I did a little bit of looking at this for our rackmount cluster, and found that none of our 1 or 2U servers could supply enough power to drive a computationally-useful CUDA device (even a single slot card like the 9800 GT).

In fact, this issue tends to plague pre-build workstations as well: Many of them lack the power supply capacity to drive a double-slot card like the GTX 260/280/Tesla C1060. I’ve hand-built our CUDA workstations in order to ensure the power and cooling were adequate for two double-slot cards.

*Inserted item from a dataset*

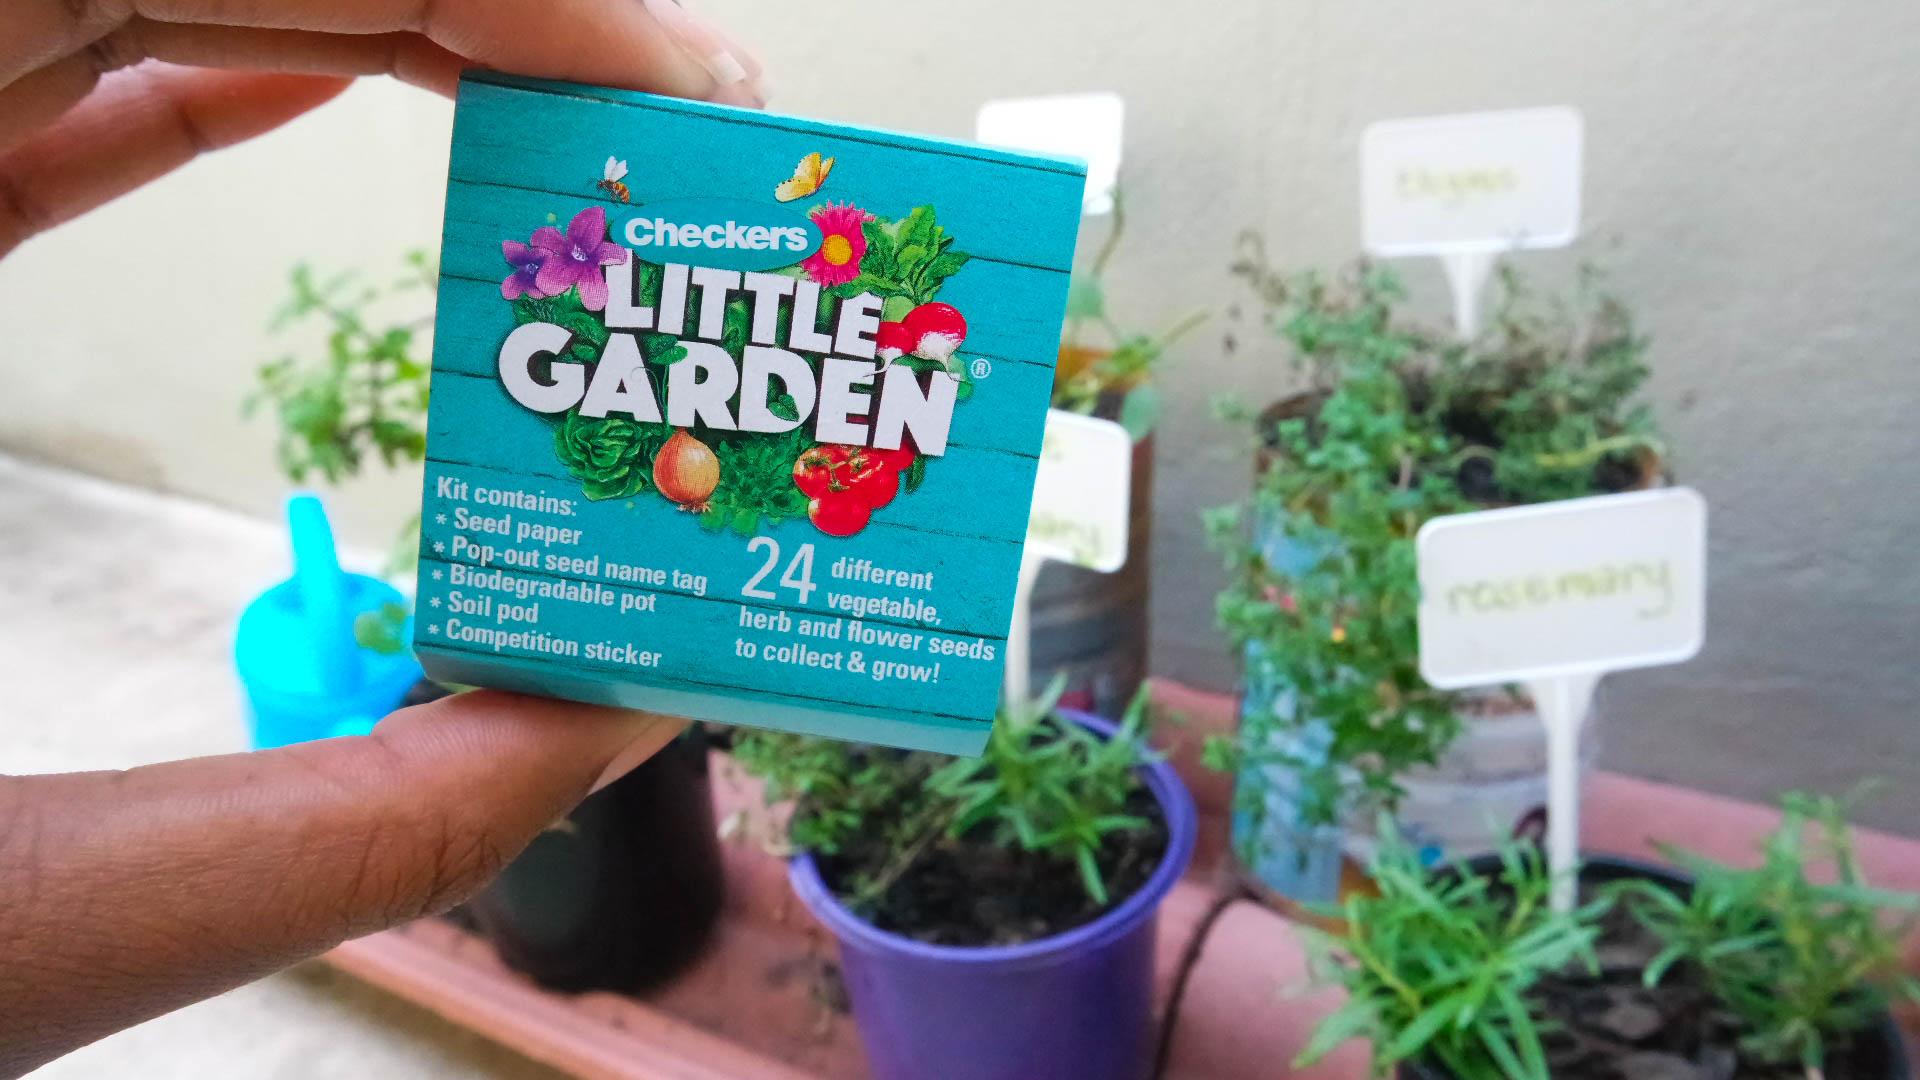 checkers little garden #checkerslittlegarden

Emulation is not nearly as hardware-specific as the name makes it sound. In reality, emulation mode just compiles your device code to run natively on the CPU and spawns a bunch of host threads to do the work. It makes no attempt to “emulate” the timing or hardware behavior of a real CUDA device. Correct operation of your code in emulation is strongly correlated with correct operation in real hardware. However, there are cases where race conditions in device code will not manifest in emulation, but will lead to incorrect behavior when run on a real CUDA device. It is more difficult to write code that works correctly on real hardware that will fail in emulation, but it is possible. (usually it involves making assumptions about warpSize) In addition, due to differences in the way floating point is handled on the CPU, you may not get exactly the same numerical results as code run on the GPU. (but that’s a bigger issue than CUDA, really)

As far as development goes, emulation is handy for checking your algorithm’s basic operation, printf-tracing of the code flow, and checking for memory access errors using standard tools like valgrind.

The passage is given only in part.